Edison argues that its previous practice of deducting monthly ownership charges from remaining refundable balances was not only inconsistent with the language of Rule 15.E.6 as amended in 1995, but was also conceptually incorrect, because "the deduction of ownership charges owed by the applicant from the remaining refundable balance when no refund is due to the applicant inappropriately reduces the amount available for refund to the applicant." (Id. at 5.) 3

Finally, in addition to arguing that its new interpretation of Rule 15.E.6 is more consistent with the history and language of the rule, Edison argues that CBIA's position finds no support in Barratt American. In Edison's opinion, Barratt American was a case that turned on tariff ambiguity, and there is no ambiguity in the tariff here:

"Barratt American dealt with a major change by SCE to its 30-year practice of not charging developers the cost of pole removal when they converted existing overhead facilities to underground facilities. To determine whether there was an ambiguity in Rule 20 with respect to the payment of pole removal costs, the Commission reviewed Rule 20 in its entirety. The fact that Rule 20 was completely silent on the issue[,] coupled with the fact that it was the Commission's policy to encourage conversion to underground facilities, convinced the Commission that it was not unreasonable for SCE to assume that it should bear the removal costs. Although SCE's [new] interpretation that the Applicant should bear the removal costs was plausible and compliant with Rule 20, there was enough ambiguity on the issue of cost responsibility to sway the Commission against Edison's [new] interpretation." (Edison Opening Brief, p. 12.)

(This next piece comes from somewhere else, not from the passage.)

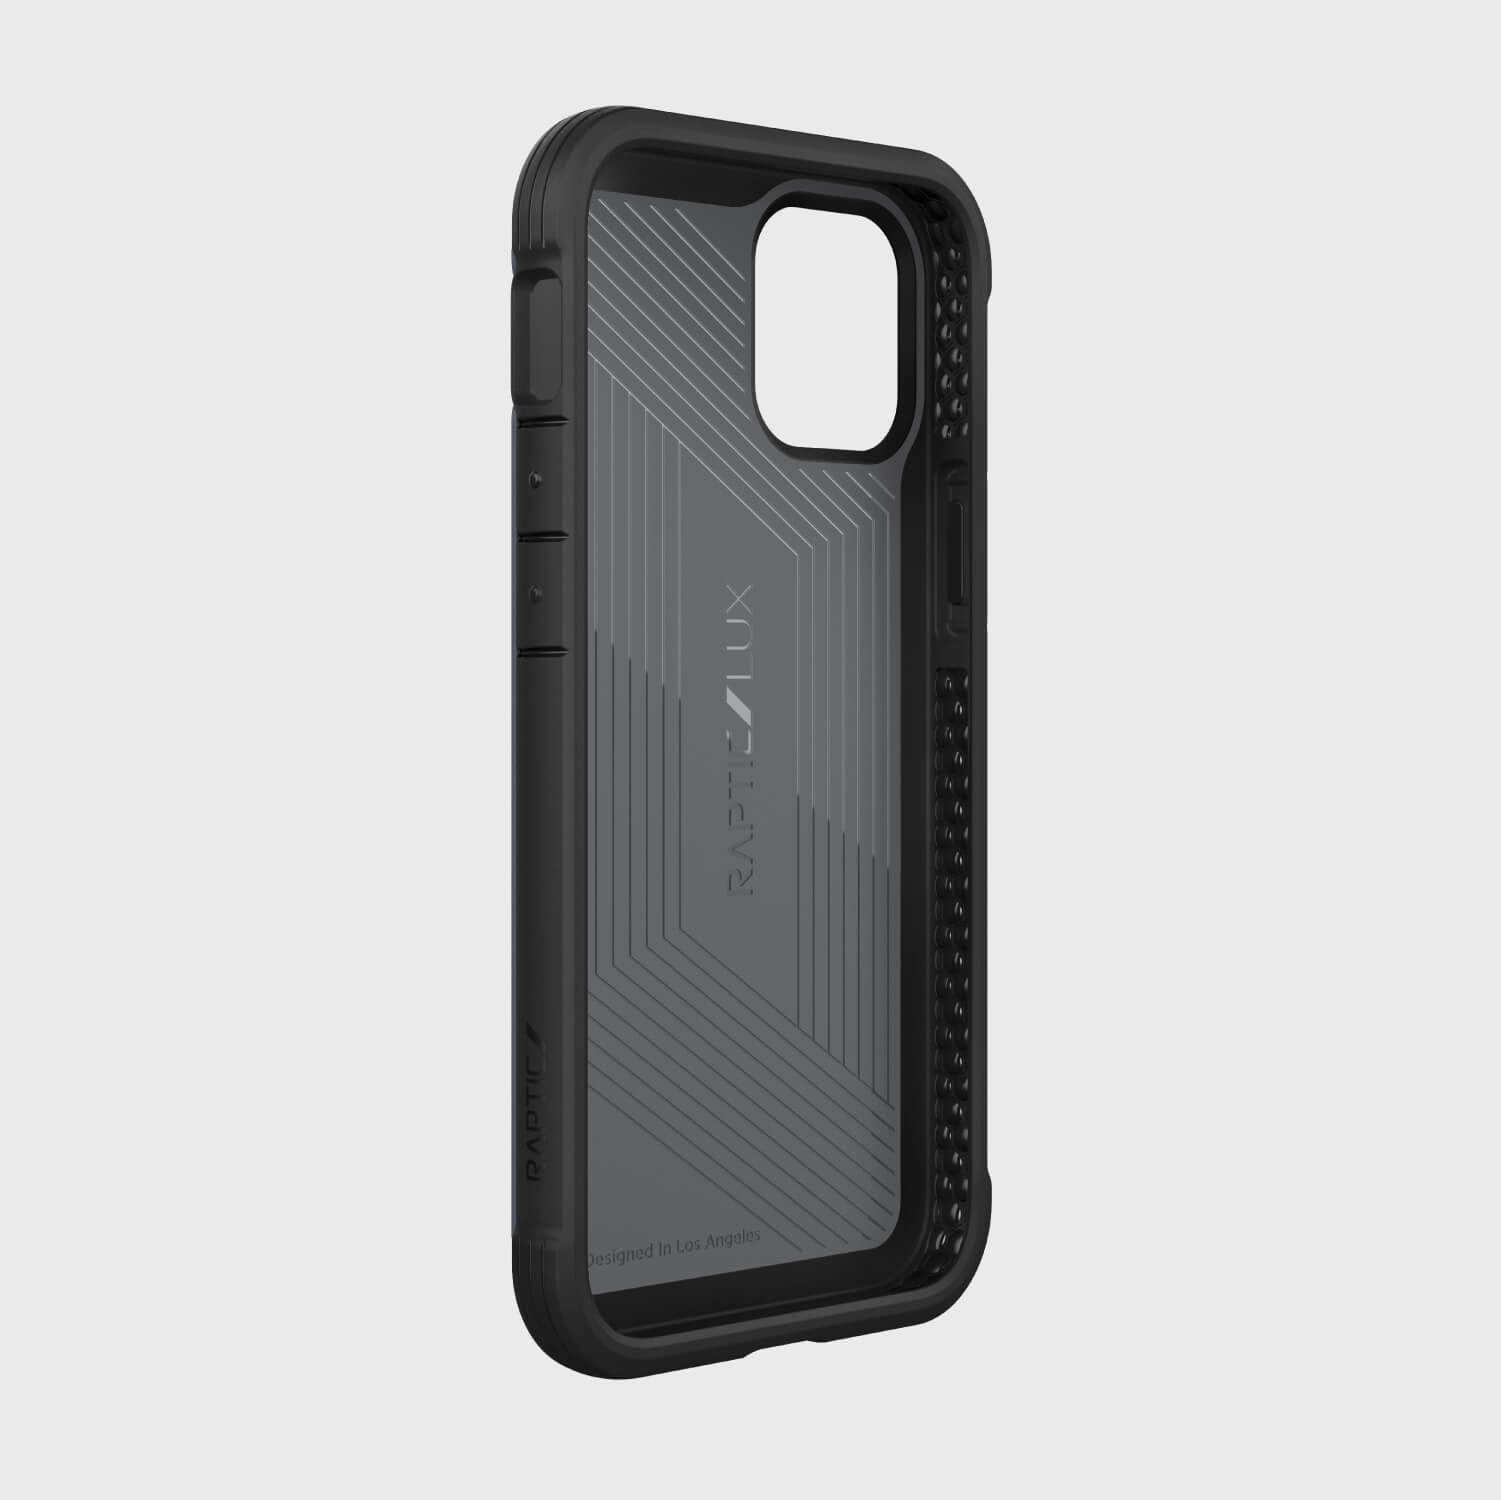 The luxury Raptic Lux case for iPhone 12 Mini is shown on a white background.

Edison argues that unlike the tariff in Barratt American, there is no ambiguity in Rule 15, because that rule and its predecessors have always required the payment of monthly ownership charges when the capital costs of line extensions were not being fully recovered. The 1995 addition of the phrase "monthly ownership charges are in addition to the refundable amount," plus the 1985 deletion of language providing for the reduction of remaining refundable balances by the amount of monthly ownership charges, are clear evidence to Edison that the utility is authorized to bill developers separately for monthly ownership charges when a refund is not due. (Id. at 12; Ex. 5, p. 6.)

3 Elsewhere in its testimony, Edison points out that the Ledgers Department had also raised the issue whether SCE's longstanding method of calculating remaining refundable balances when no refund was due amounted to an inappropriate mixing of distinct accounting concepts:

"Although Ledgers was unclear about whether or not Rule 15 supported direct billing of ownership charges when no refunds were due to applicants, it was believed that the deduction of ownership charges from the remaining refundable amount when no refunds were due created an inappropriate mixed use of capital and expense funds. The refundable advance is intended to support the capital investment (e.g., building the electrical distribution and/or service facilities) made by SCE to serve the applicant. On the other hand, ownership charges are intended to cover the ongoing expenses associated with maintaining electrical facilities, such as administration and general expenses, insurance and operations and maintenance expenses, among others." (Id. at 3-4.)